> _Task details_
Below are some records; output exactly the lines from the line with "Deep Red Stamps" to the line with "Navy The Grinch", both ends kept, and nothing more.

##### Supplied material

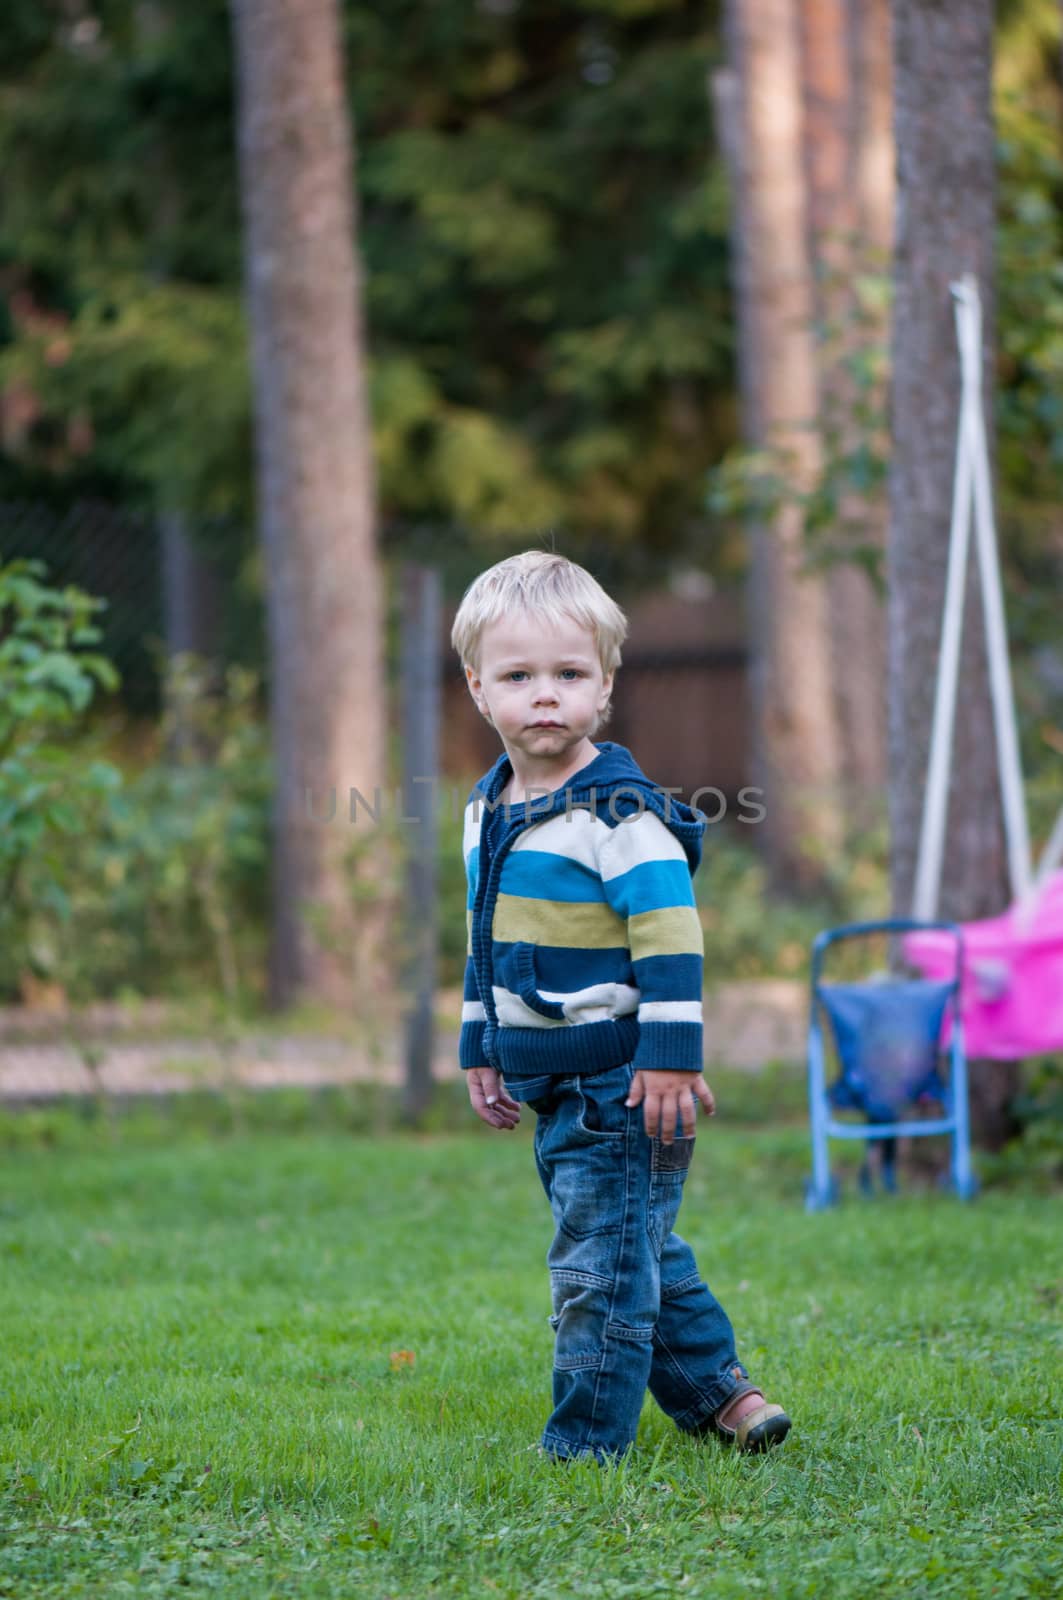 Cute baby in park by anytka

##########
##### Supplied material

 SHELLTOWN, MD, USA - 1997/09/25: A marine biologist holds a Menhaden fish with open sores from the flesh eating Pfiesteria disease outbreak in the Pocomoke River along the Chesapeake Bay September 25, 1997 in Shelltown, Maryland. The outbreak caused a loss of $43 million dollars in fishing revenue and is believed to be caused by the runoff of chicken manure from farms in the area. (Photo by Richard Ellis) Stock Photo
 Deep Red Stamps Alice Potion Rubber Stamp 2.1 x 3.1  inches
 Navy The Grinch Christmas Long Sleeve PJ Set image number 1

##########
##### Supplied material

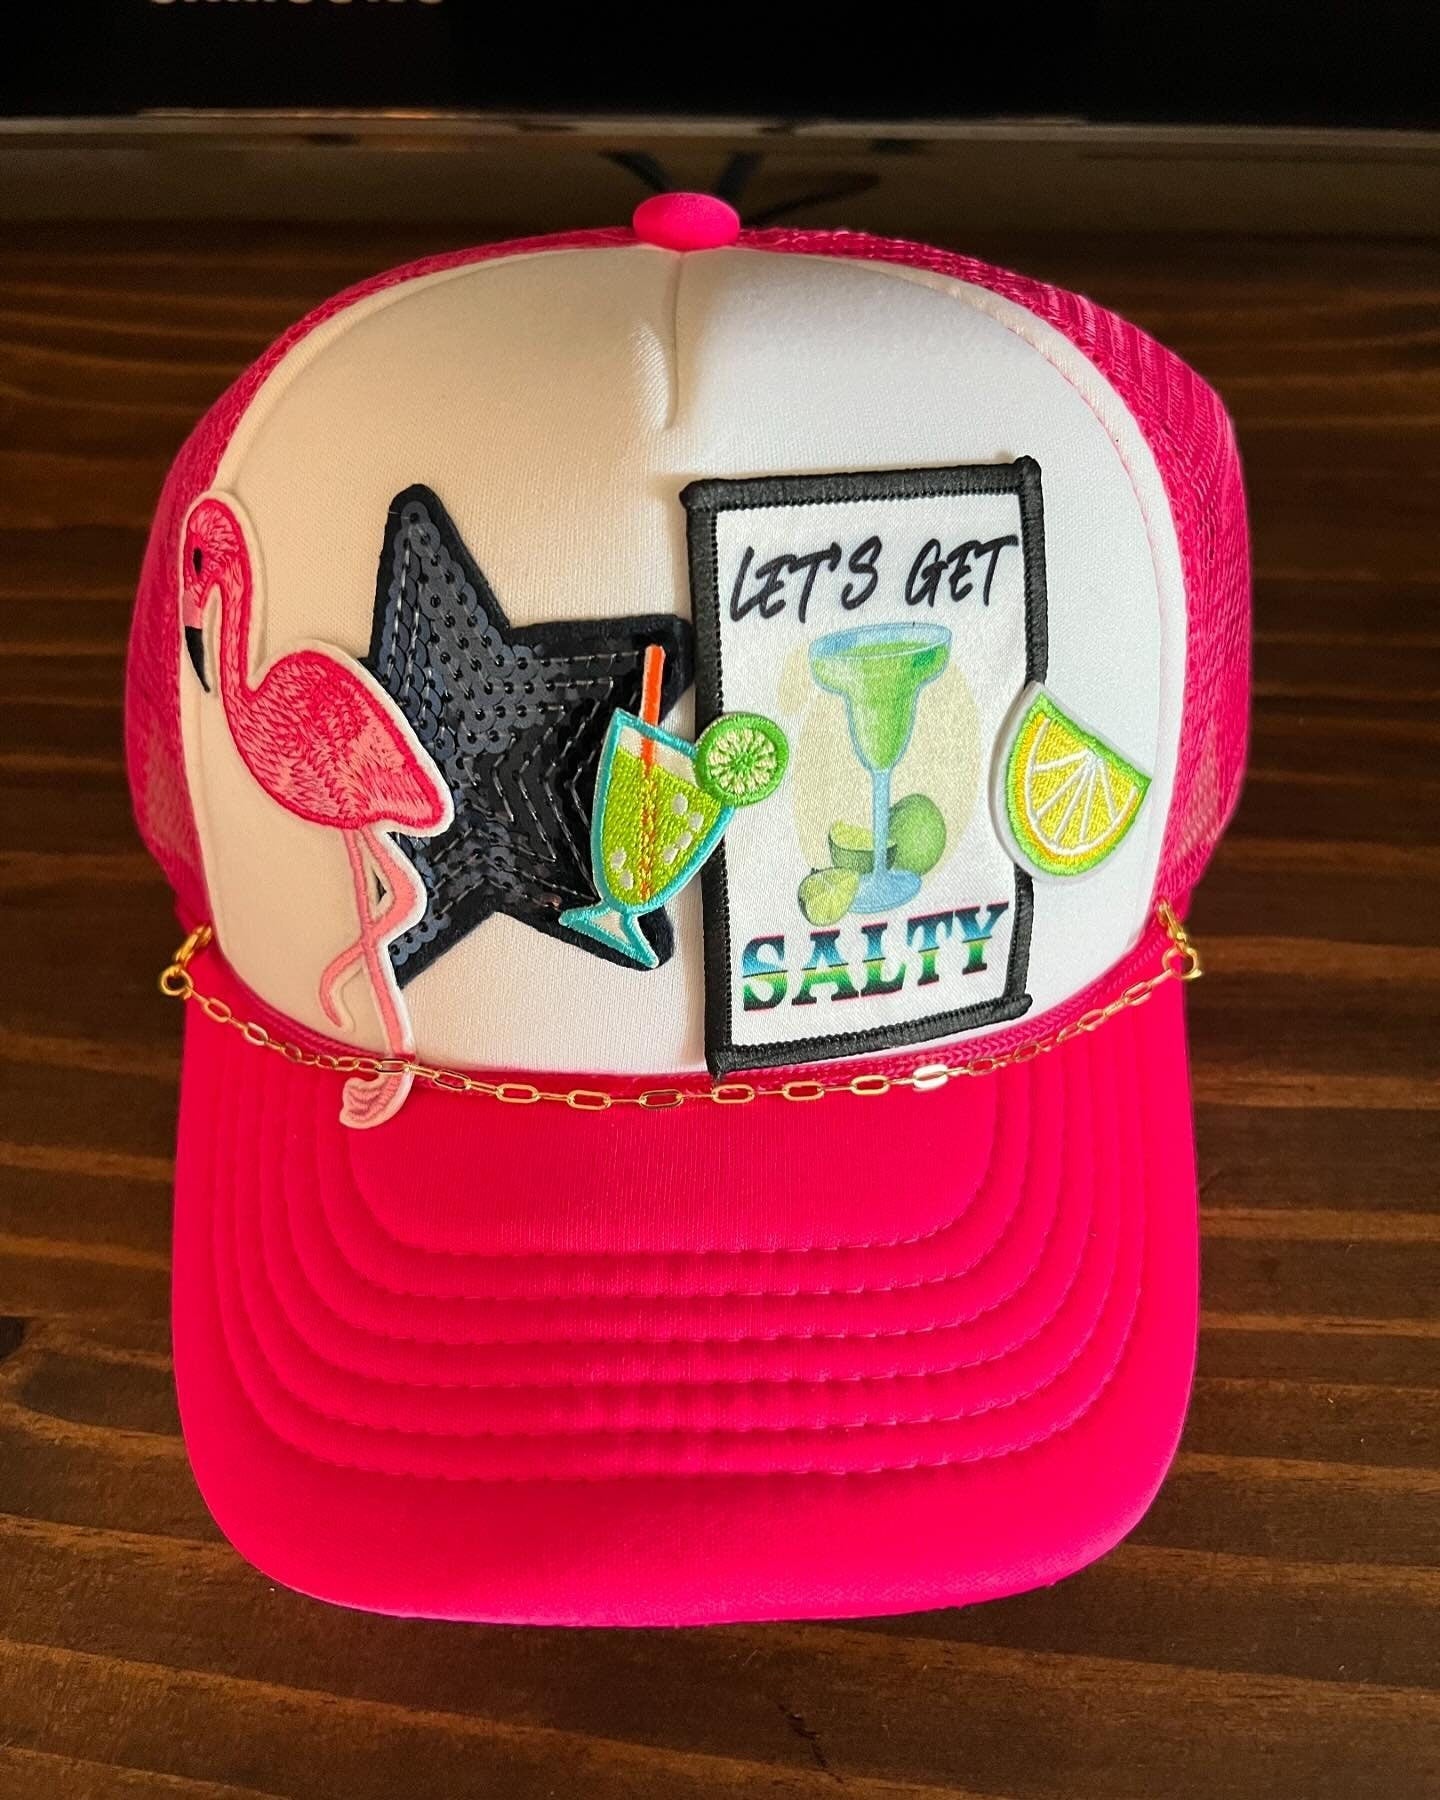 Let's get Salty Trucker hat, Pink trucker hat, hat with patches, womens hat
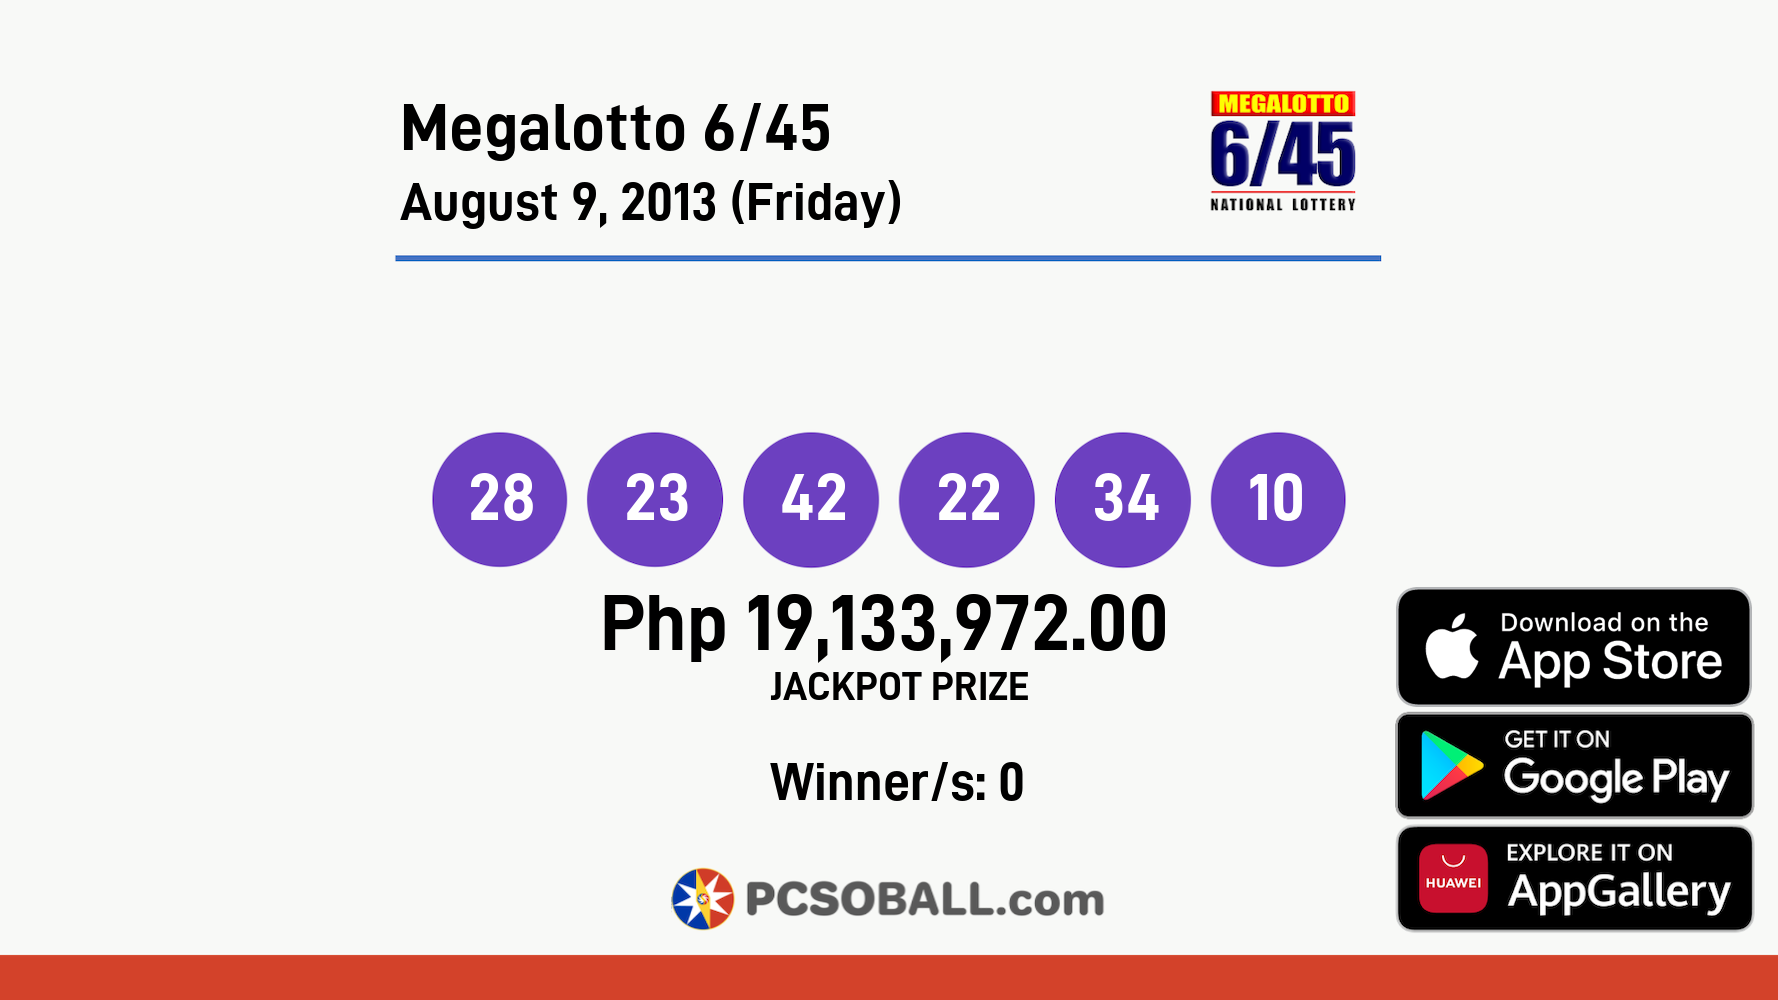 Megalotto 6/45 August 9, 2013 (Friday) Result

##########

> _Result of the task_
 Deep Red Stamps Alice Potion Rubber Stamp 2.1 x 3.1  inches
 Navy The Grinch Christmas Long Sleeve PJ Set image number 1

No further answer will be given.